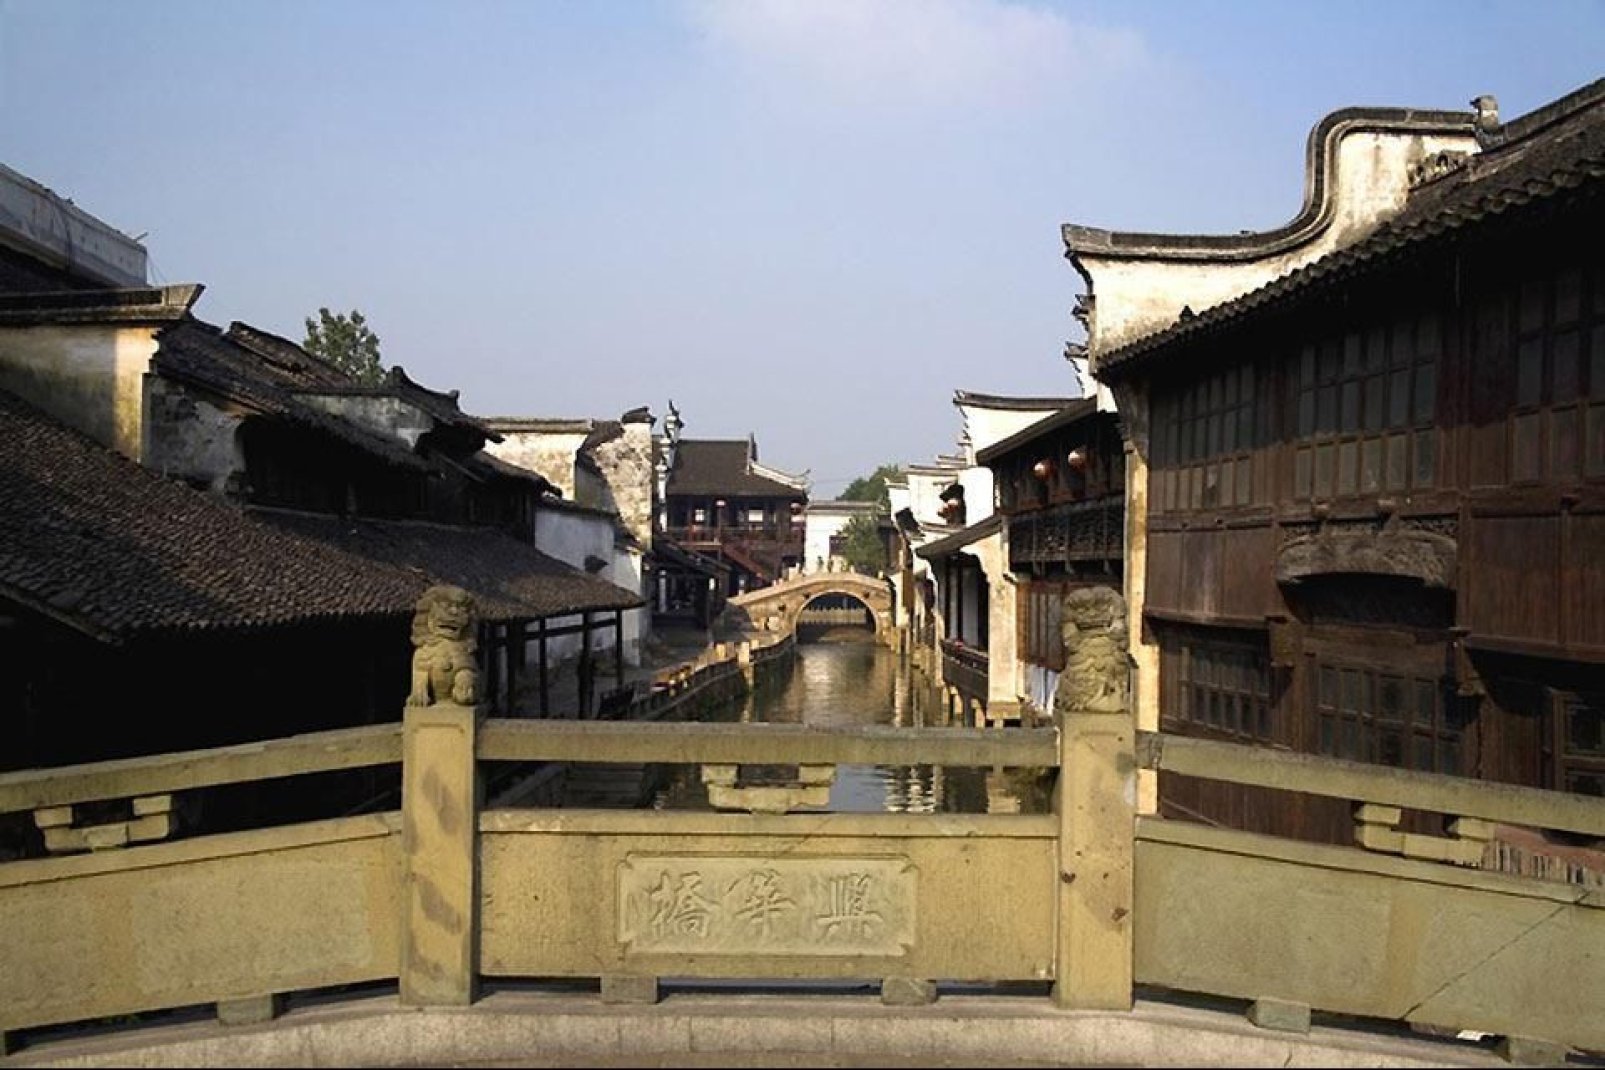 La ville de Suzhou, ancienne capitale du règne Wu, est renommée pour ses jardins et ses constructions sur l'eau.
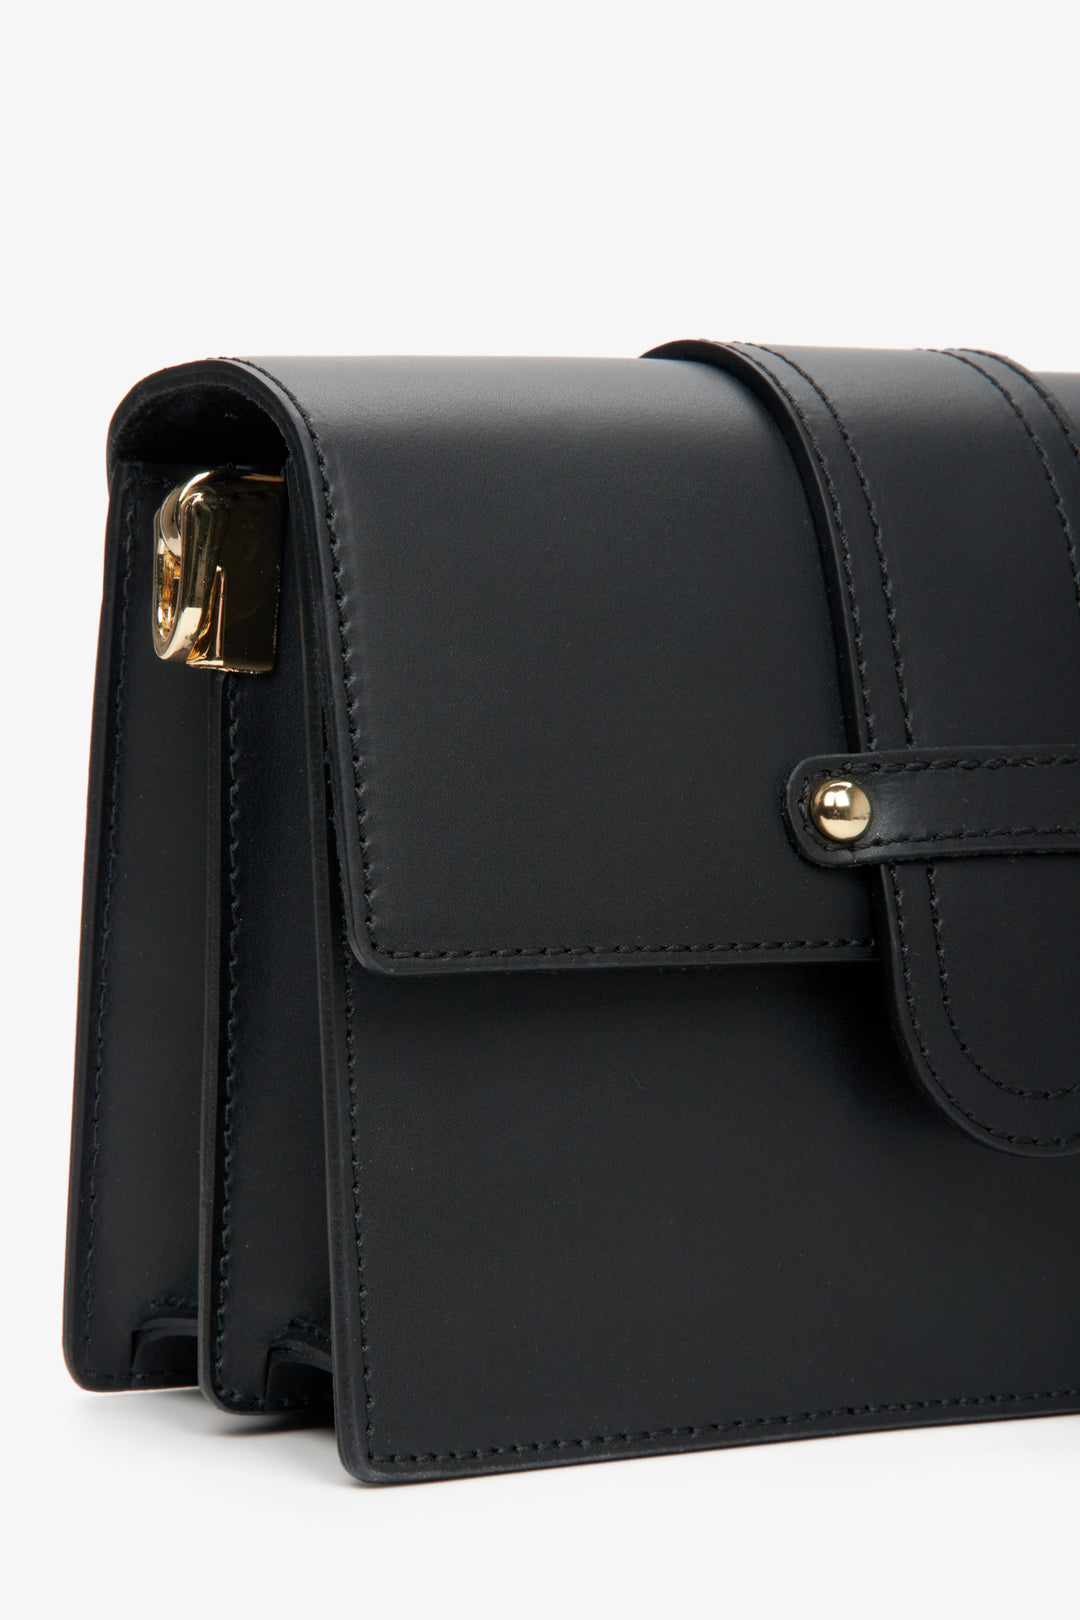 Black women's shoulder bag by Estro - close up on details.
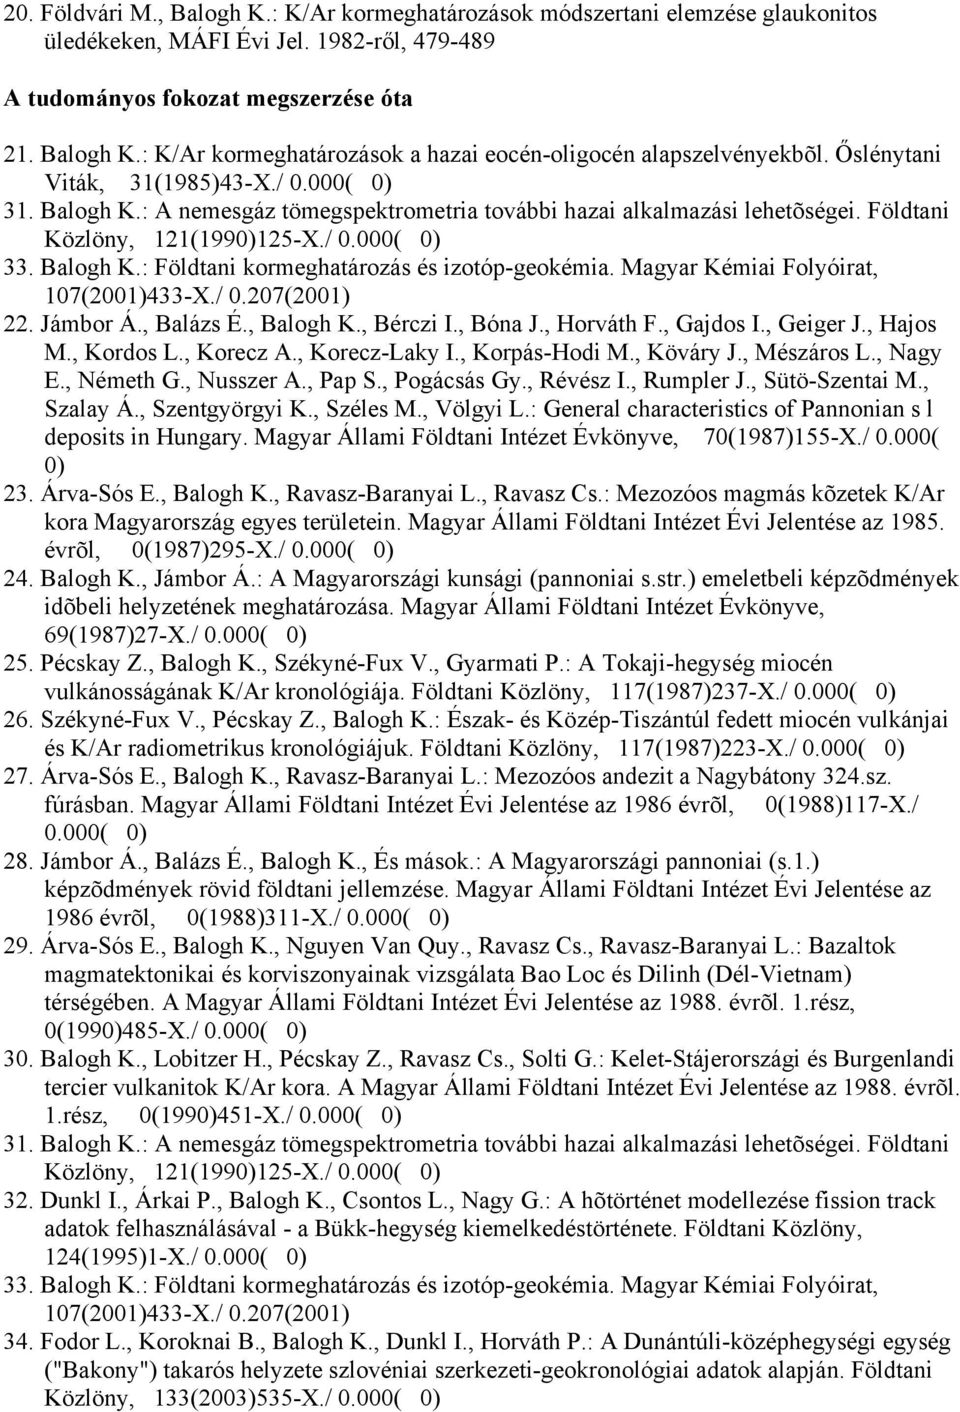 Magyar Kémiai Folyóirat, 107(2001)433-X./ 0.207(2001) 22. Jámbor Á., Balázs É., Balogh K., Bérczi I., Bóna J., Horváth F., Gajdos I., Geiger J., Hajos M., Kordos L., Korecz A., Korecz-Laky I.

++++++++++

◆ EXERCISE GOAL ◆
Would you return the whole listing above exactly as written, skipping any image?

◆ SOLUTION ◆
 La ville de Suzhou, ancienne capitale du règne Wu, est renommée pour ses jardins et ses constructions sur l'eau.
 Black women's shoulder bag by Estro - close up on details.
 Magyar Kémiai Folyóirat, 107(2001)433-X./ 0.207(2001) 22. Jámbor Á., Balázs É., Balogh K., Bérczi I., Bóna J., Horváth F., Gajdos I., Geiger J., Hajos M., Kordos L., Korecz A., Korecz-Laky I.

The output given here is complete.